I suggest you do some reading ... and not just in a cursory manner, on textual theory/criticism. Perhaps some Burgon, Hills, Leitis, and even Metzger, before you buy whole-hog into what you have just written.


----------



## Backwoods Presbyterian

DMcFadden said:


> My shift came in the early part of the last decade when the ESV came out and I fell helpless before the mesmerizing powers of Crossway's advertising machine.


----------



## TimV

nicnap said:


> It is indeed sad though, that some of those copy errors and insertions were influential and responsible for divisions in the body of Christ.

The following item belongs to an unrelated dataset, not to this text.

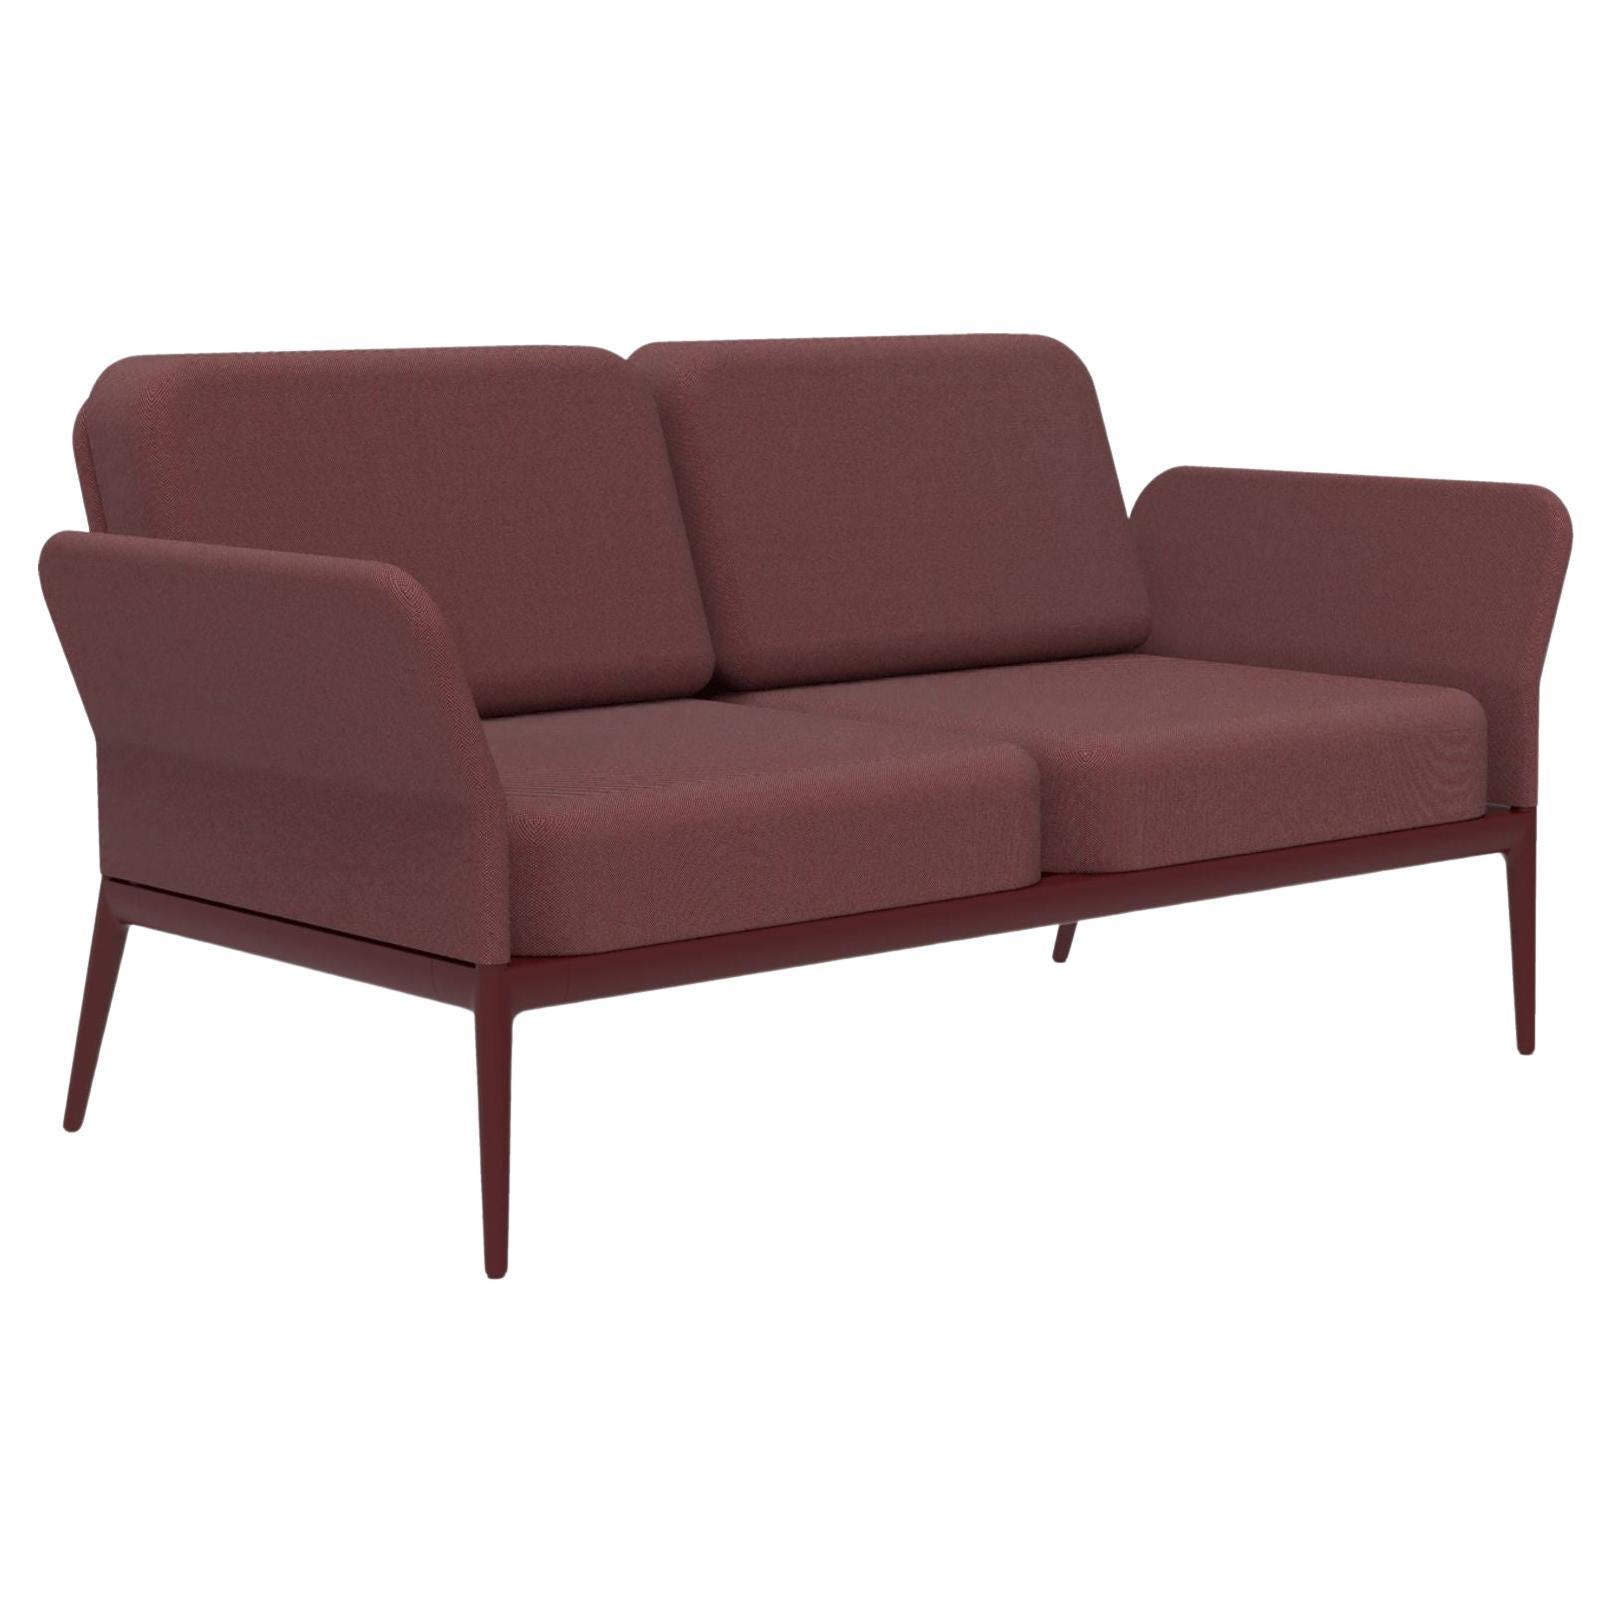 Cover Burgundy Sofa by Mowee For Sale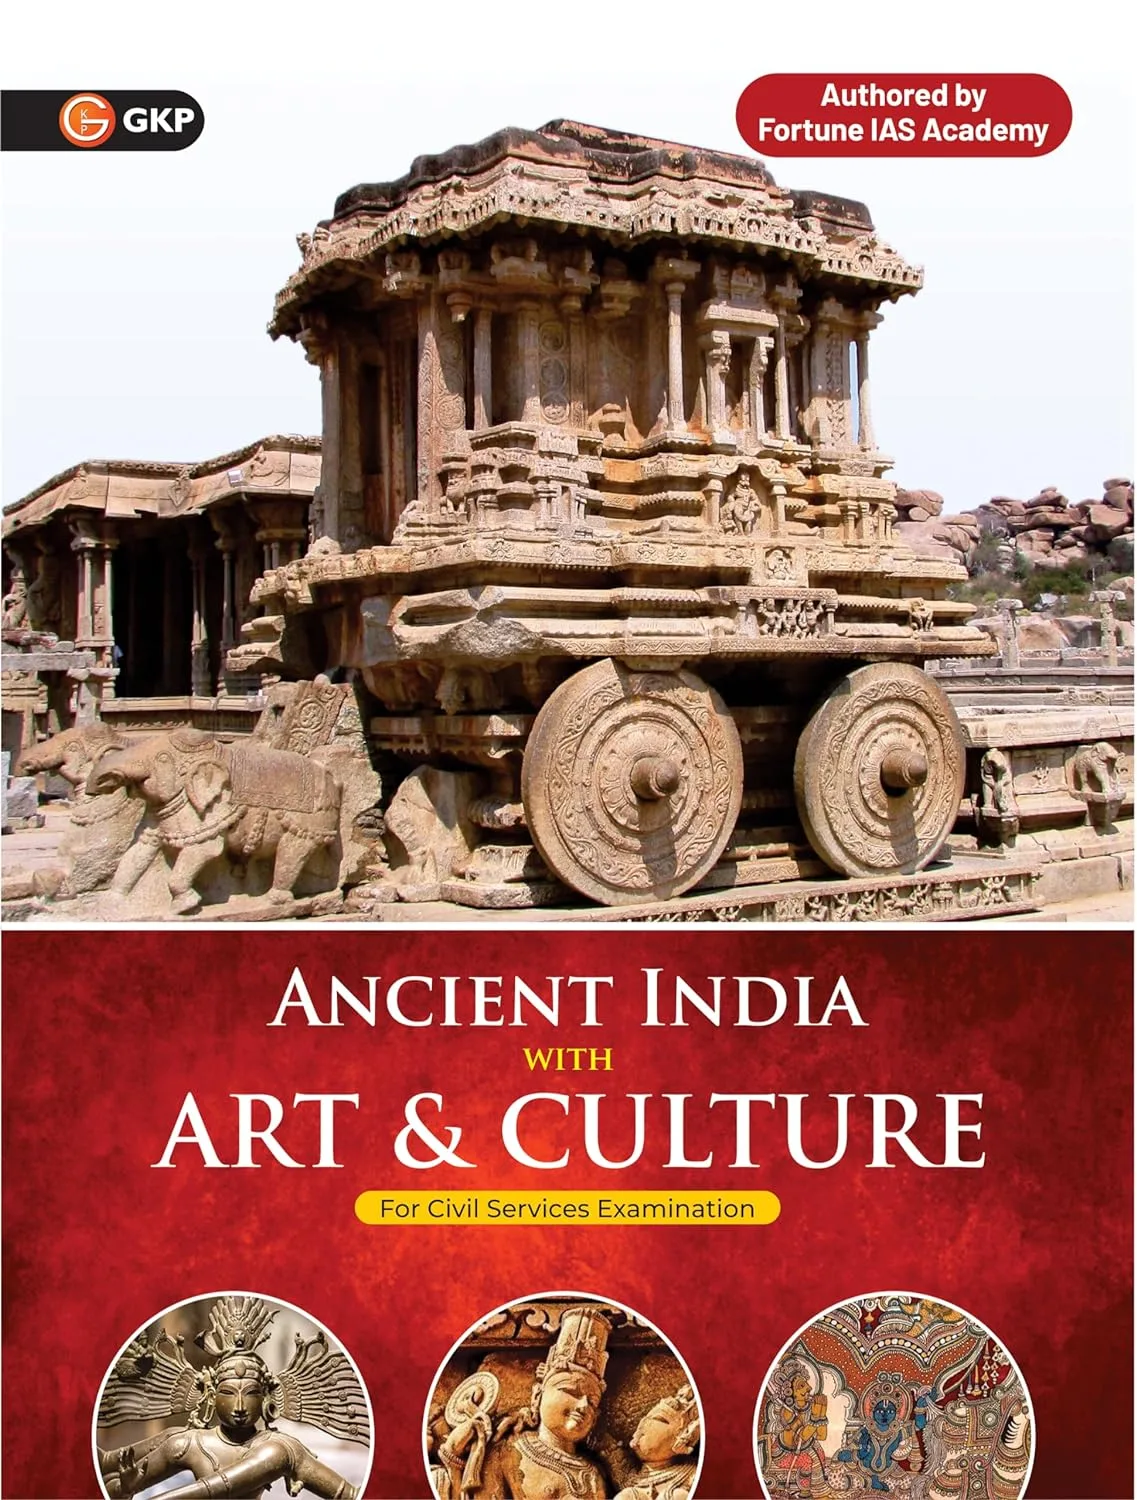 GKP Ancient India with Art & Culture For Civil Services Examinations

Take Nicholas' advice and read up on the subject.


----------



## Marrow Man

austinww said:


> You also get things like "worthless men" in the ESV instead of "sons of Belial," or "every male" instead of "everyone that pisseth against the wall," or "Preparing your minds for action" instead of "Gird up the loins of your mind." The list goes on. We'd better have a really good excuse for replacing entire phrases that the Holy Spirit inspired. So much for not one "jot or tittle."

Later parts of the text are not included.